Para mí fue un mensaje muy claro. Mi abuela era una mujer muy viajera, y sentí que esa carta representaba que estaba lista para emprender su último viaje. Por primera vez en mi vida profesional cancelé toda mi agenda para ese día. Me dio mucha vergüenza hacerlo, porque nunca lo hago, pero sentí que debía estar ahí. Ese mismo día mi abuela partió. Gracias a esa decisión pude acompañarla, conversar con ella, poner música, sostener sus manos y estar presente hasta que mi mamá llegó para despedirse.
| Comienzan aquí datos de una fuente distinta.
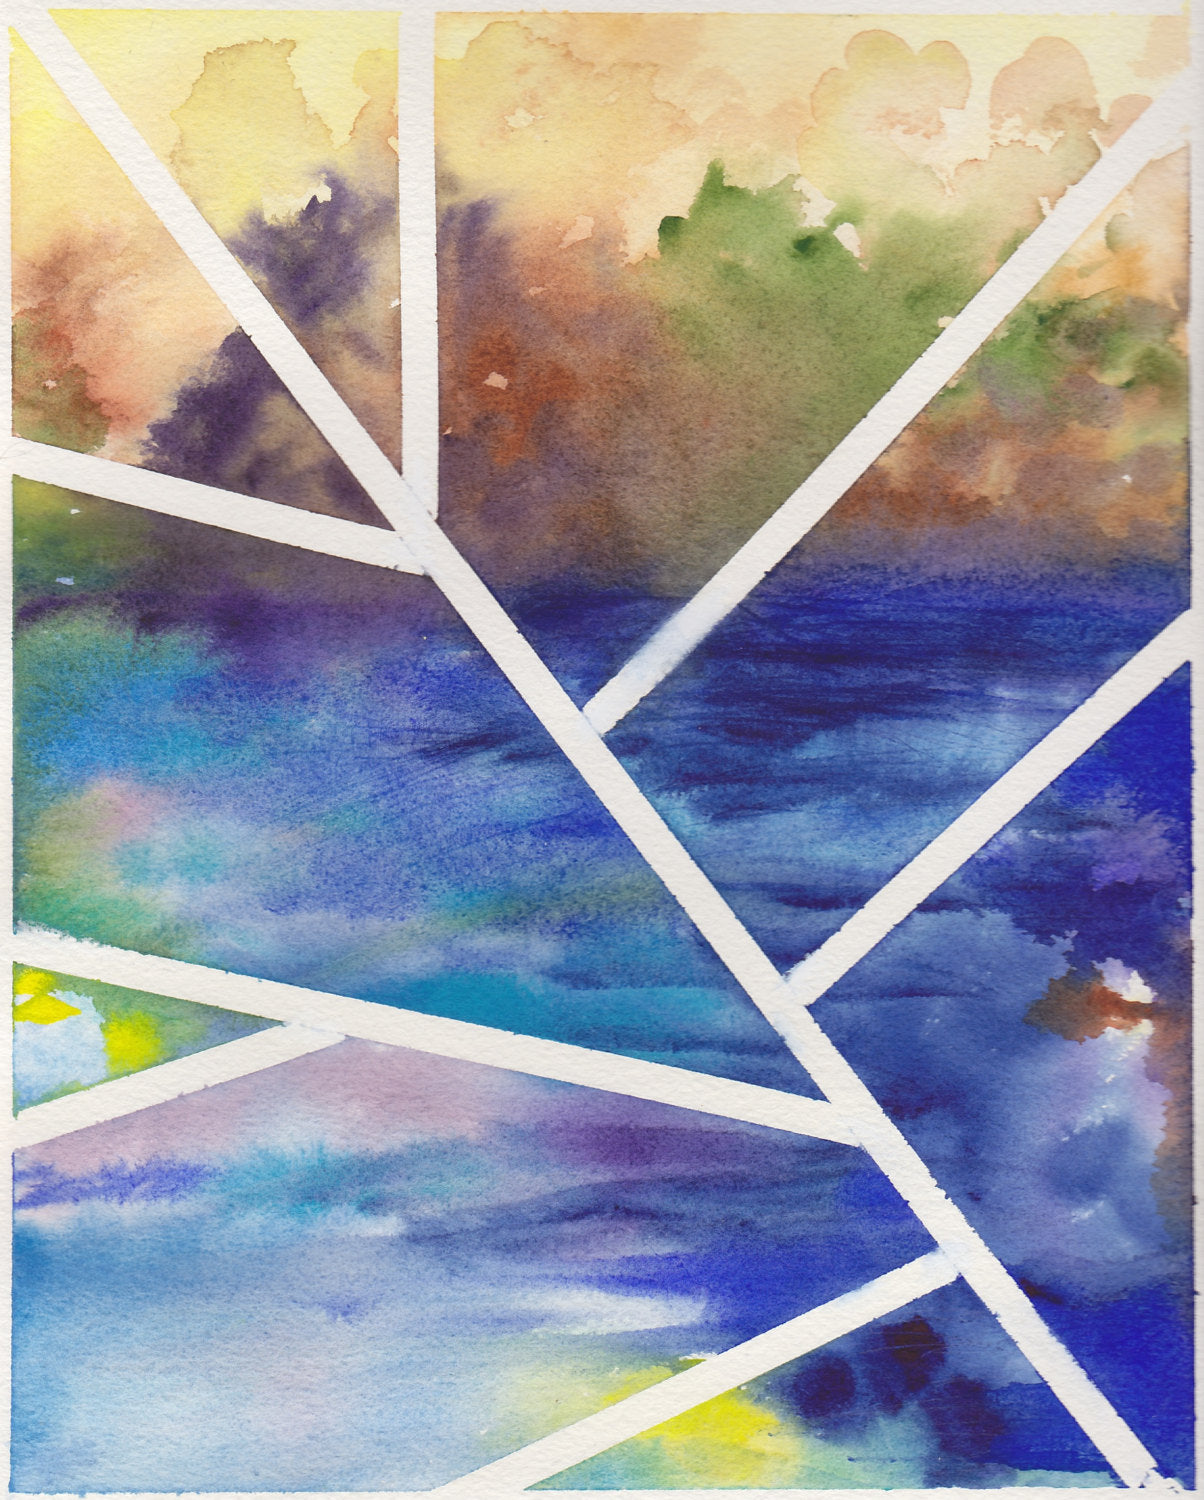 Original contemporary watercolor painting, 8x10, abstract landscape - "Lines Over Cool Blue"

Para mí fue un momento profundamente significativo. Sentí mucha gratitud hacia el tarot, porque ese mensaje me permitió detener todo y estar presente en uno de los momentos más importantes de mi vida.

Anita, eres una de las organizadoras del Congreso de Tarot en Chile ¿Cómo se viene la versión 2026?
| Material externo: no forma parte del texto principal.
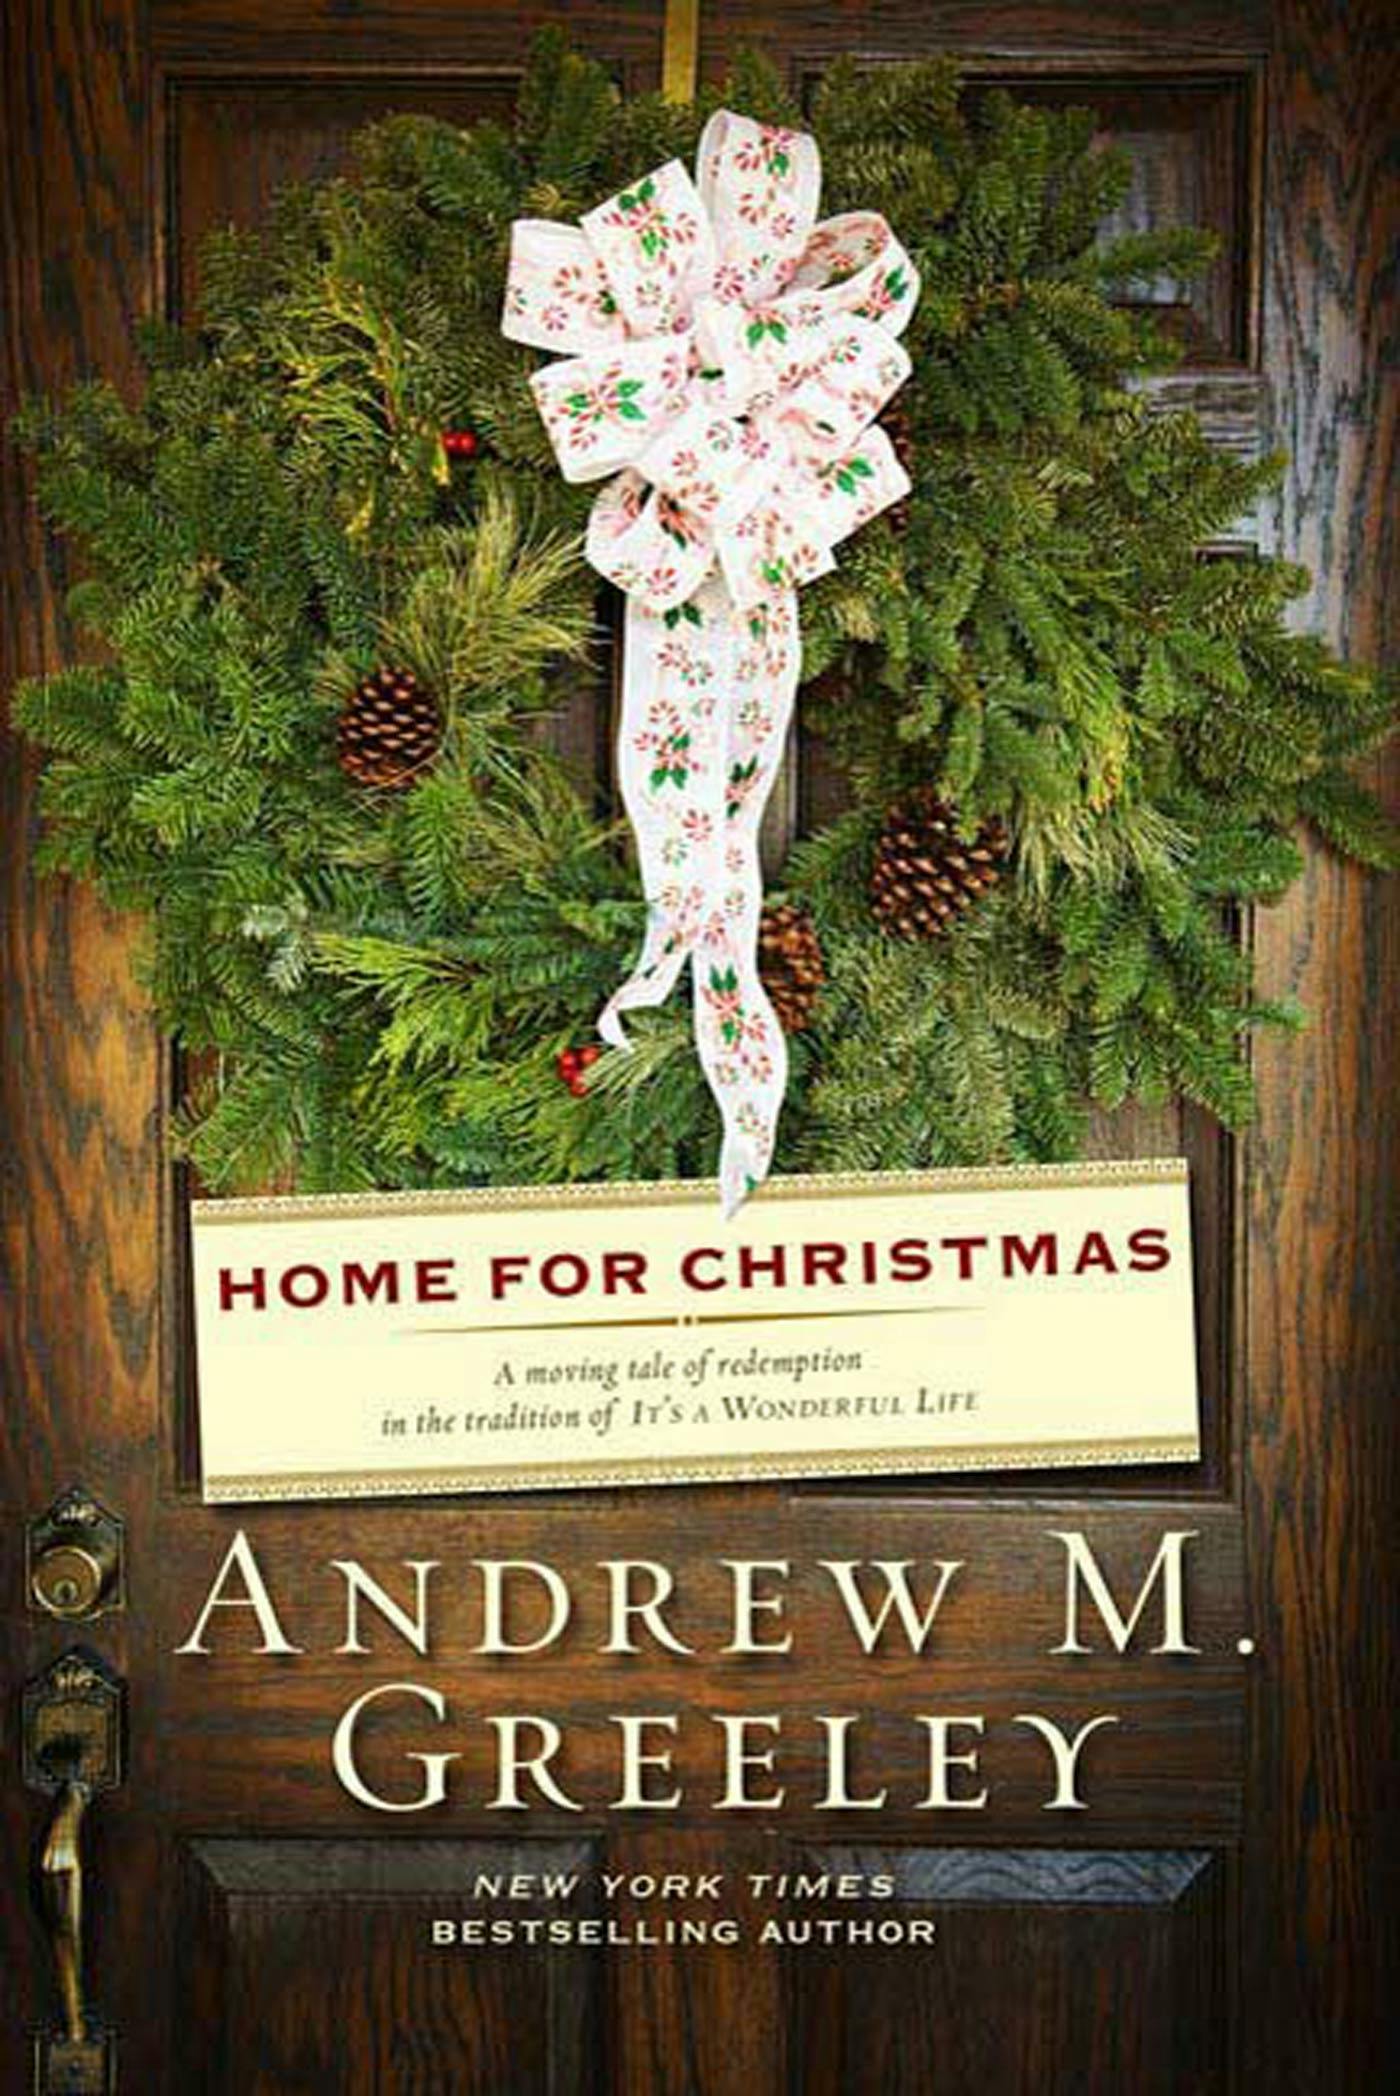 Cover for the book titled as: Home for Christmas

El 2026 será el año de La Sacerdotisa dentro del Congreso de Tarot, y es un año muy especial para nosotras. Este será el sexto congreso, que actualmente organizamos junto a Majo Arévalo. El propósito siempre ha sido crear un espacio para la comunidad del tarot.

Solemos decir una frase que nos representa mucho: “Sola o solo puedes ir más rápido, pero juntas/os llegamos más lejos.”

El tarot es un oficio que muchas veces se vive de manera solitaria, especialmente desde la pandemia, cuando muchas consultas pasaron a ser online. Por eso el congreso se ha convertido en un punto de encuentro muy importante para tarotistas, estudiantes, artistas que crean mazos y también personas que simplemente aman el tarot.

Es muy emocionante ver cómo la gente se reencuentra, se conocen amistades que antes solo existían en redes y surgen colaboraciones nuevas.

El congreso consta de dos instancias…
● Precongreso online: domingo 27 de septiembre.
● Evento presencial: 10 y 11 de octubre.

Tendremos 14 ponentes nacionales e internacionales, además de tres grandes temas que la comunidad ha pedido mucho para este año:
● arcanos menores,
● tarot y astrología,
● y contenido para redes sociales para tarotistas.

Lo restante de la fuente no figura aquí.